Project Number: 8070-21000-009-02-R
Project Type: Reimbursable Cooperative Agreement
Start Date: Oct 1, 2016
End Date: Aug 31, 2020
Our long term goals are to enhance disease resistance in organic dairy cattle through the adoption of optimal genomic selection and crossbreeding strategies and to understand the relationship of genotype and grazing behavior. This will enhance the appeal of organic dairy production by promoting greater profitability, improving animal welfare, and reduce frustrations associated with managing diseased animals.

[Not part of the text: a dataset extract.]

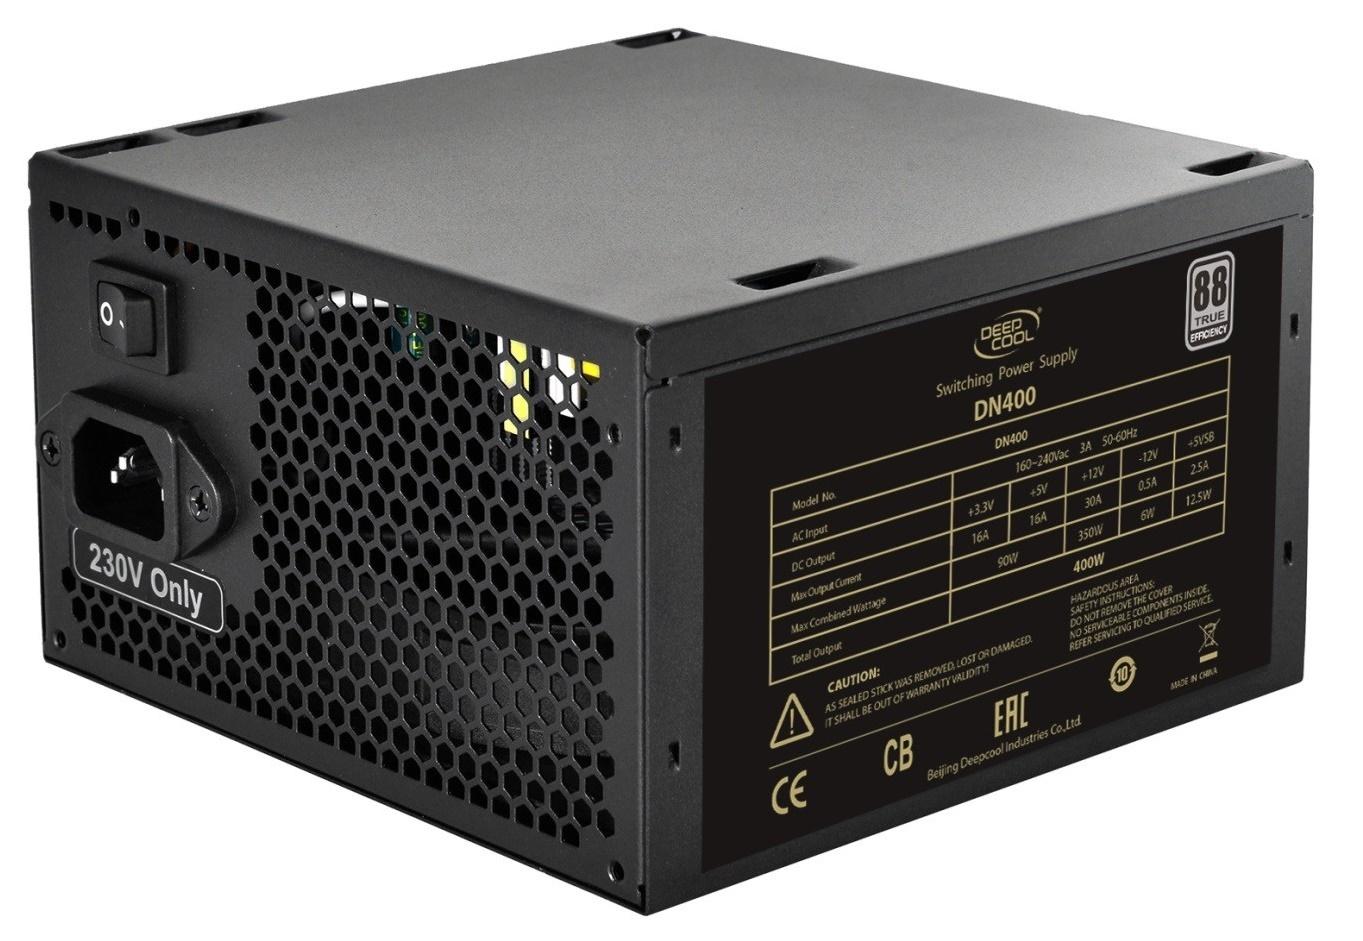 Deepcool 400w Psu 88 Efficiency Meps Compliant At Mighty Ape Nz Deep Cool Z5 Image

To collect pasture behavior data, a bite recorder that is currently under validation in an ARS laboratory will be utilized. The bite recorder is capable of recording up to 4 separate piezoelectric sensors which detect movement (such as jaw, leg, or tail). These sensor signals are filtered and processed at a rate of 20 hertz (Hz) and stored on flash memory. The recorder contains a global positioning system (GPS) as well as a short range radio for transmitting the data wirelessly to a base station. A single 10 pin connector through the sealed enclosure is used for programming the central processing unit(CPU), charging, direct data retrieval and operation. The unit is equipped with an onboard temperature and barometric monitoring which can turn off the device in the event of overheating or an external leak into the hermetically sealed enclosure. The system weighs approximately 0.23 kilogram(kg) and has a battery life of about 18-48 hours depending on settings. The enclosure and piezoelectric circuitry can be mounted in a halter and is completely out of the animal’s field of view to minimize animal stress. Once the data is collected by the base station, or directly from the flash storage, the data can be further processed using existing grazing software. Recorders will be mounted on up to 50 cows with an equal number of recorders mounted per breed type (10 to 25 per breed depending on number of breeds/composites present at each site) at any time on one of the experimental farms for 3-5 consecutive days to collect continuous data under varying environmental conditions. Data collection will be repeated for various weather conditions and seasons as determined. Data will be collected over 2 years and will be linked to activity levels and rumination patterns at West Central Research and Outreach Center(WCROC). At all farms (experimental and commercial herds), horn fly counts will be conducted by photographing both sides of individual cows with digital cameras. Horn fly counts will be made from the digital images using Corel Photo-Paint 9 software (Pruett et al., 2003). A total of 7 observations will be made on each of the experimental farms and commercial farms in the Northeast between May and October of Years 1, 2 and 3. For the other commercial farms, less frequent visits will reduce this to twice per year for 2 years.